Top of THE RECORDS

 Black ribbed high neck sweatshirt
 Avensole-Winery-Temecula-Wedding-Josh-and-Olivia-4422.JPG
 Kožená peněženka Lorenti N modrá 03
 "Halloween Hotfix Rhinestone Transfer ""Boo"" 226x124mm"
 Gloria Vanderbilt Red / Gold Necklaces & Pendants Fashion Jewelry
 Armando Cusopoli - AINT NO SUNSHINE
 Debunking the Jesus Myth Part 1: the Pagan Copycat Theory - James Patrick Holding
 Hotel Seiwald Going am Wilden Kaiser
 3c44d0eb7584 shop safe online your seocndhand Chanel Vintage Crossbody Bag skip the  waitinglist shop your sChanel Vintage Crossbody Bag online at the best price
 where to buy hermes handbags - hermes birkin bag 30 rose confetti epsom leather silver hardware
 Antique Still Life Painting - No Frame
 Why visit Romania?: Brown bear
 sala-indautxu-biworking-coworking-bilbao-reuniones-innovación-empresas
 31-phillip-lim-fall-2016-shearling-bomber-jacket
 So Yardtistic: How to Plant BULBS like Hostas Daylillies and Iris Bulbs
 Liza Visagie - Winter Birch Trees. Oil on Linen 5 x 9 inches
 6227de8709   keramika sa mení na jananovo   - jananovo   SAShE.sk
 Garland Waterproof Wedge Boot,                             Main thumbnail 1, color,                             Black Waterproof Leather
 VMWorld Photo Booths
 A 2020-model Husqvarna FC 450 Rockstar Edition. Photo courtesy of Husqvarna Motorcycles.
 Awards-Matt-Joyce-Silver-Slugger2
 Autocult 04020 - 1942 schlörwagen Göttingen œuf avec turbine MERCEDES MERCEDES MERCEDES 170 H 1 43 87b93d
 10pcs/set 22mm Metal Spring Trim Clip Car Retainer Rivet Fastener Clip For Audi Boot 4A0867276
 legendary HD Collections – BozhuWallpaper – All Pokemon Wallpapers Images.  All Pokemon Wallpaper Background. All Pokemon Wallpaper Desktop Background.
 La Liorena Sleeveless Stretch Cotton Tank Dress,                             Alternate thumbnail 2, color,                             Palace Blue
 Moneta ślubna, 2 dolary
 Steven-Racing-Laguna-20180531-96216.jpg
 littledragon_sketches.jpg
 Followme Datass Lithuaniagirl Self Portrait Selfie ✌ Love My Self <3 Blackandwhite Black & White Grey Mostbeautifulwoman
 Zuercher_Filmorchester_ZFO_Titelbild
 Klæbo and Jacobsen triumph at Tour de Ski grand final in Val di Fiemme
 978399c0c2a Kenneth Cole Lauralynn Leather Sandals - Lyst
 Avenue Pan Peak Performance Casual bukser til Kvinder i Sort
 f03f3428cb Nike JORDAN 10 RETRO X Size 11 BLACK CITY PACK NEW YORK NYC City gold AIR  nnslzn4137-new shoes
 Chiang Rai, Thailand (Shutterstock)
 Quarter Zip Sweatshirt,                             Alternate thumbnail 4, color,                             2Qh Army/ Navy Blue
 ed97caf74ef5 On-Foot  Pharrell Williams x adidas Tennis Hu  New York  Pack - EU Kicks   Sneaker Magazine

Bottom of THE RECORDS

Note every line above where the string "Blue" shows up, and copy those lines.

 La Liorena Sleeveless Stretch Cotton Tank Dress,                             Alternate thumbnail 2, color,                             Palace Blue
 Quarter Zip Sweatshirt,                             Alternate thumbnail 4, color,                             2Qh Army/ Navy Blue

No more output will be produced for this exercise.